→ **DATASET RECORDS**

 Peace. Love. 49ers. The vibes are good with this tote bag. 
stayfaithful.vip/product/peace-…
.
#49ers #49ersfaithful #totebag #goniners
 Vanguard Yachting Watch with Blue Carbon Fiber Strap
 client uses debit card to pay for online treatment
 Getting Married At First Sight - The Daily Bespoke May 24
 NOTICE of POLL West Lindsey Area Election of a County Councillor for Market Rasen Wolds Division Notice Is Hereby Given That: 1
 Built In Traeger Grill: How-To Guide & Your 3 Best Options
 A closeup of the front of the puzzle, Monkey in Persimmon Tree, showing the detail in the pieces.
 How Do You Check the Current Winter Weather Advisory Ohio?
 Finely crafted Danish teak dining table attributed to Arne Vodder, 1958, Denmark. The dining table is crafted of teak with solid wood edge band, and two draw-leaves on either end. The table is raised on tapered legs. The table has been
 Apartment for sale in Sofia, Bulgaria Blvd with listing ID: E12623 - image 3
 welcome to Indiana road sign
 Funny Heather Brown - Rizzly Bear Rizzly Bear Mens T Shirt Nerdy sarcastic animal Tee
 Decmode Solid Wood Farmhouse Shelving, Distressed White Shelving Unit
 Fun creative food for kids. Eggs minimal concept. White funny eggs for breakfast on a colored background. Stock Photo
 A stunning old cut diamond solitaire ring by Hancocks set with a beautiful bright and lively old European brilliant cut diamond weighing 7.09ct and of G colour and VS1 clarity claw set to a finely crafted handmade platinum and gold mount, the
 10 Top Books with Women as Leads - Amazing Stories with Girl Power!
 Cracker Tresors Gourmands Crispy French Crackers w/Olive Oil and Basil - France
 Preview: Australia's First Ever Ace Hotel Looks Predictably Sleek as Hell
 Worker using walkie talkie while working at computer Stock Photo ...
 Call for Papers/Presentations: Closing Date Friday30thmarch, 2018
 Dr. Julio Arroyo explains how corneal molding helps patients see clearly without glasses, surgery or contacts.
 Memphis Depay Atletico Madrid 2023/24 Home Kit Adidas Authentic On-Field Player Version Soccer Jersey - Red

→ **WORK TASK**
Each of the lines from the one that contains "Cracker Tresors Gourmands" through the last line of the data needs to be repeated exactly, with no others.

→ **RESULT BELOW**
 Cracker Tresors Gourmands Crispy French Crackers w/Olive Oil and Basil - France
 Preview: Australia's First Ever Ace Hotel Looks Predictably Sleek as Hell
 Worker using walkie talkie while working at computer Stock Photo ...
 Call for Papers/Presentations: Closing Date Friday30thmarch, 2018
 Dr. Julio Arroyo explains how corneal molding helps patients see clearly without glasses, surgery or contacts.
 Memphis Depay Atletico Madrid 2023/24 Home Kit Adidas Authentic On-Field Player Version Soccer Jersey - Red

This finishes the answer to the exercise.